Showing posts with label Academic petition. Show all posts
Showing posts with label Academic petition. Show all posts

December 18, 2008

Academic Voices: The way forward

With some delay I came across the wonderful initiative of Paul Davidson and Henry C.K. Liu to send an open letter to the address of the world leaders attending the White House Summit on Financial Markets and the World Economy last November.
I must say that I was delighted with this initiative since it is in line with my plea for a more assertive an loud voice of academics in world issues at times of crisis when many politicians, regulators and managers are proved hopelessly inadequate for their role.
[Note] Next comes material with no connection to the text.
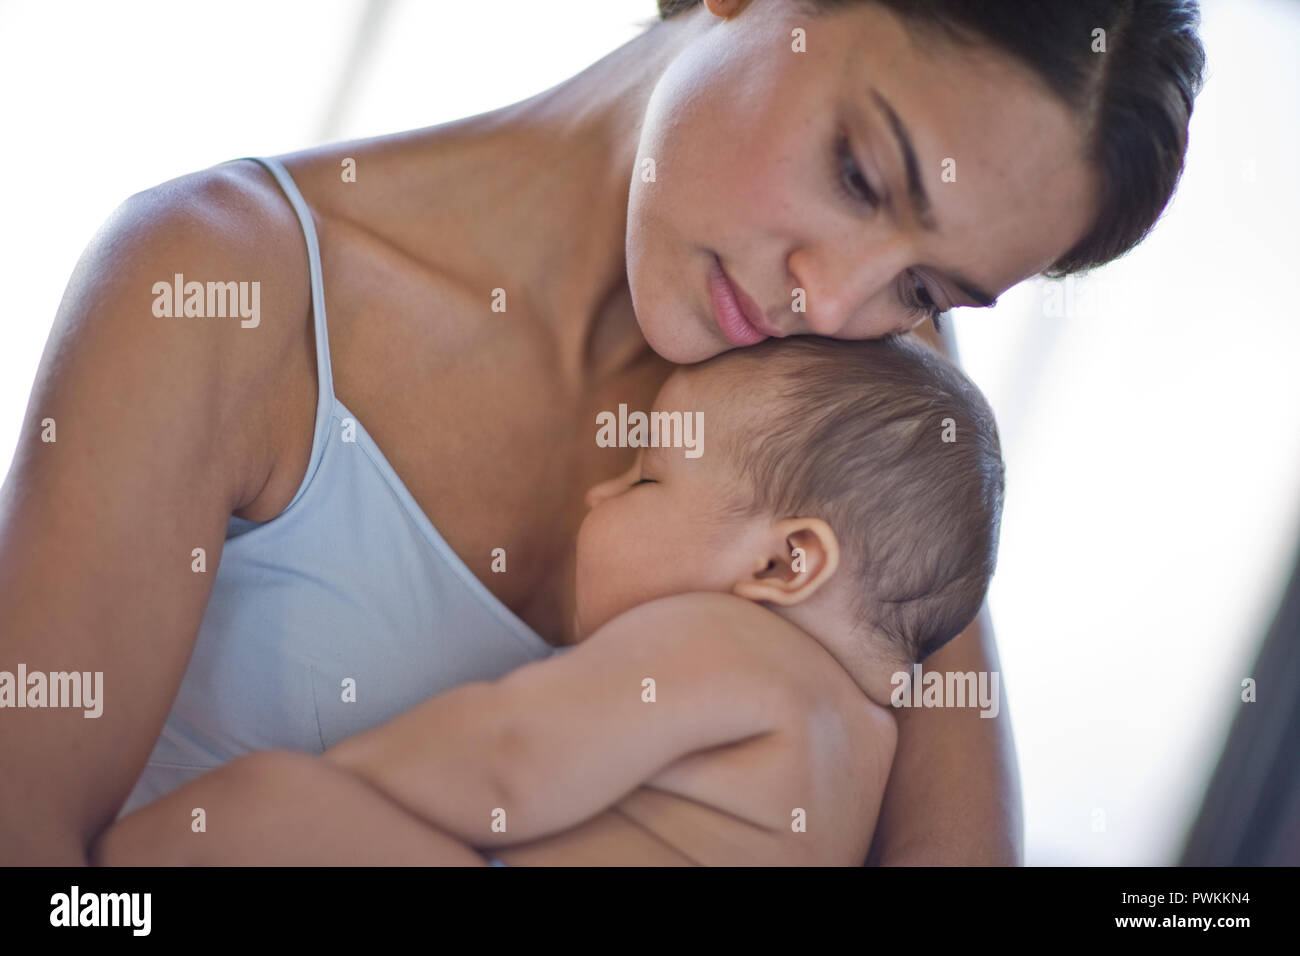 Contemplative young woman holding her baby. Stock Photo
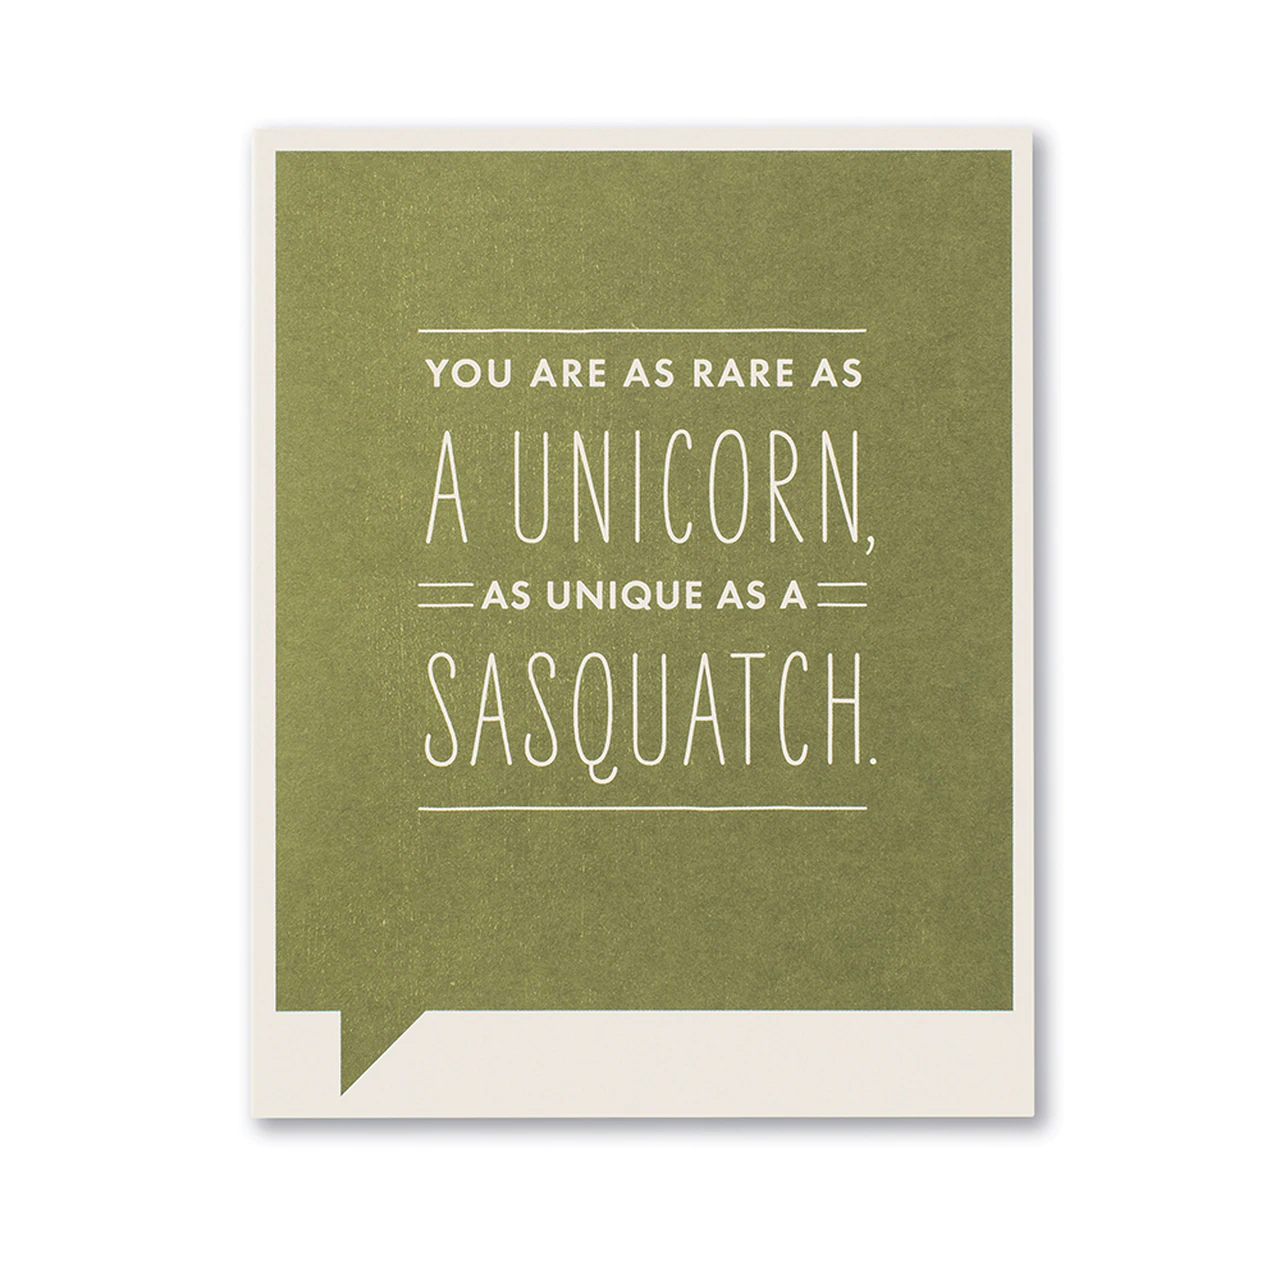 Thank You Greeting Card - You are as Rare as a Unicorn

The full text of the Open Letter of Paul Davidson and Henry C.K. Liu

This Open Letter appeared in AToL on November 7, 2008. For the list of supporters to the letter go to the web page of H. Liu

Open Letter to World Leaders attending the November 15 White House Summit on Financial Markets and the World EconomyDear World Leaders:

The Winter of 2008-2009 will prove to be the winter of global economic discontent that marks the rejection of the flawed ideology that unregulated global financial markets promote financial innovation, market efficiency, unhampered growth and endless prosperity while mitigating risk by spreading it system wide. For more than three decades mainstream neoliberal economists have preached, and regulators have accepted, the myth of the efficiency of unregulated markets, ignoring the critical lesson provided by John Maynard Keynes’s analysis of interconnection of financial markets and the international payments system.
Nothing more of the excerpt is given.